Proclamation 10908 also extended the 25% Section 232 tariffs to certain automobile and light truck parts. Shortly before the Section 232 tariffs on these additional products took effect on May 3, 2025; however, the President issued Proclamation 10925, “Amendments to Adjusting Imports of Automobiles and Automobile Parts Into the United States.” This second proclamation created a sort of rebate or “offset” system for U.S. Section 232 tariffs on automobile parts. It provided that a process would be created by which automobile manufacturers can apply for an offset equal to 3.75% of the aggregate Manufacturer’s Suggested Retail Price (MSRP) of all automobiles that they assembled in the U.S. between April 3, 2025, and April 30, 2026, later dropping to 2.5% of all automobiles that they assembled in the U.S. between May 1, 2026 and April 30, 2027.

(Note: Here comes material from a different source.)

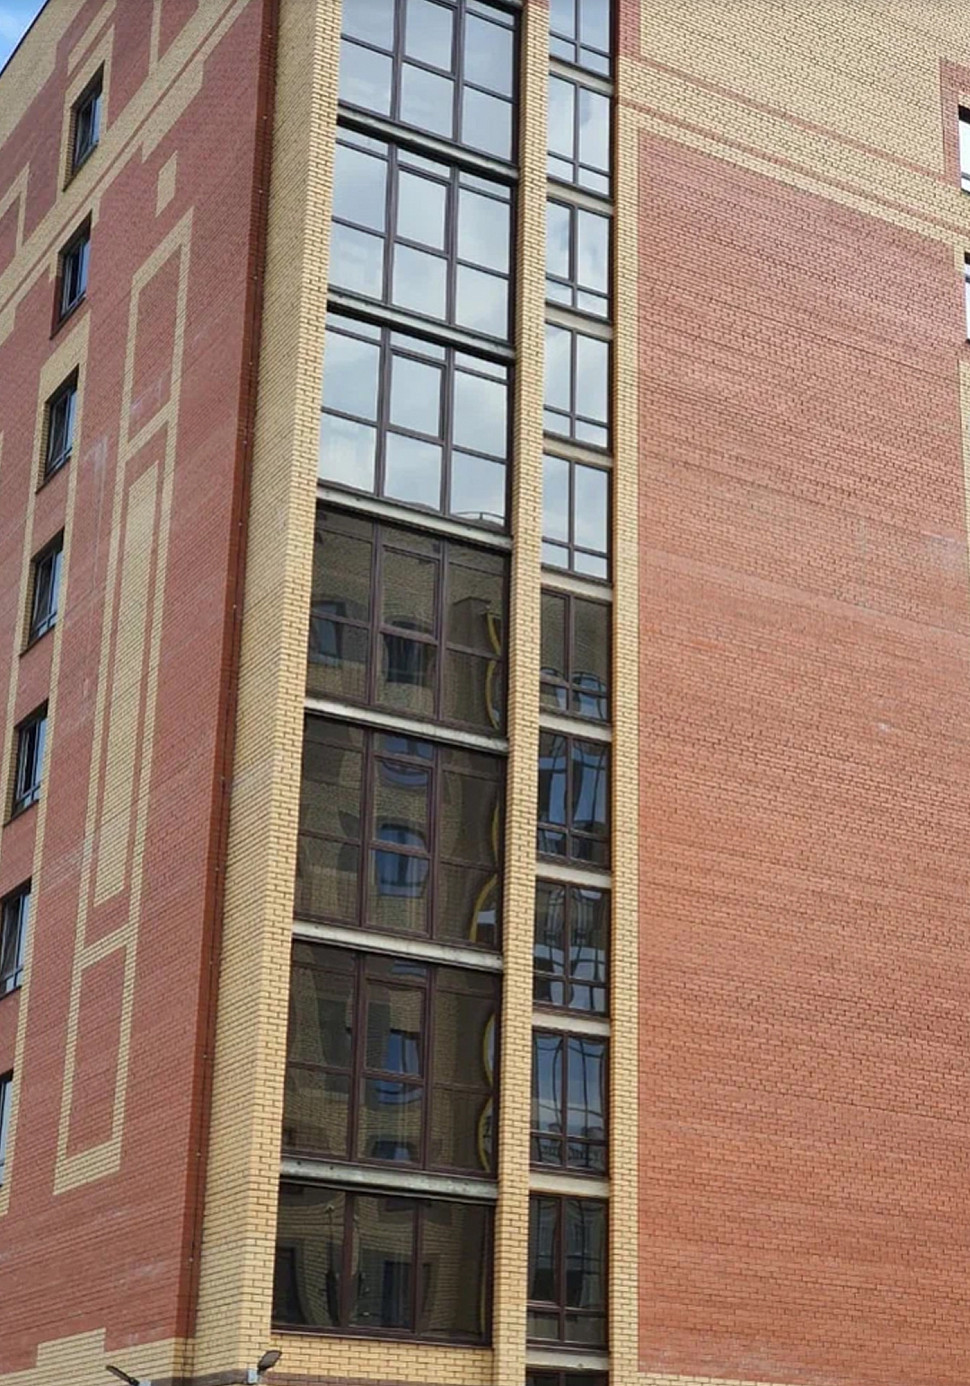 Примеры фасадов из лицевого кирпича 1 НФ красный гладкий производства Вышневолодской Керамики

Commerce Creates the Offset Process

Today’s notice comes slightly after the 30-day deadline envisioned by Proclamation 10925, but it nonetheless enables U.S. manufacturers to begin applying for the offsets. Specifically, U.S. manufacturers must submit the following documentation electronically by emailing autooffset@trade.gov. This must be done twice — once for offsets associated with production during the period ending April 30, 2026, and once for the offsets associated with production during the period ending April 30, 2027:

  • Production Forecast: An estimated number of vehicles expected to be produced in the United States, identified by make, model, and plant location.
  • MSRP: Total combined MSRP value of all vehicles identified above.
  • Tariff Liability Estimate: Estimated Section 232 automobiles and automobile parts tariff liability, broken down by tariffs the manufacturer will incur directly and tariffs that the manufacturer’s suppliers will incur.
  • Offset Calculation: Detailed calculation of offset amount for the reporting period, based on the percentages of the aggregate MSRP.
  • Importers of Record: A list of importers that the manufacturer wishes to authorize to utilize the offset, including the importer’s importer of record (IOR) number and the amount of the offset allotted to that IOR.
  • Certification: Signed certification from a senior officer of the manufacturer attesting to the submission’s accuracy and completeness.

The manufacturer may also include any additional information that it considers relevant to Commerce’s decision-making. Once the complete package has been submitted, Commerce may solicit follow-up information, and will otherwise notify approved manufacturers in writing and transmit to U.S. Customs and Border Protection the information necessary to administer the offset.

Practical Considerations

Commerce’s notice clarifies that offsets granted may continue to be used until exhausted, i.e., even after April 30, 2027. Commerce discerned “no deadline for use of the offset amount” in Proclamation 10925 and concluded that this approach would “provid[e] manufacturers flexibility…consistent with the Proclamation’s goals” and otherwise strengthen “United States vehicle assembly operations by encouraging companies to expand domestic production capacity.” In general, offsets will be applied at the time of entry summary filing. Thus, manufacturers may wish to begin preparing offset applications for prompt submission. Once granted, offsets cannot be traded, sold, or transferred.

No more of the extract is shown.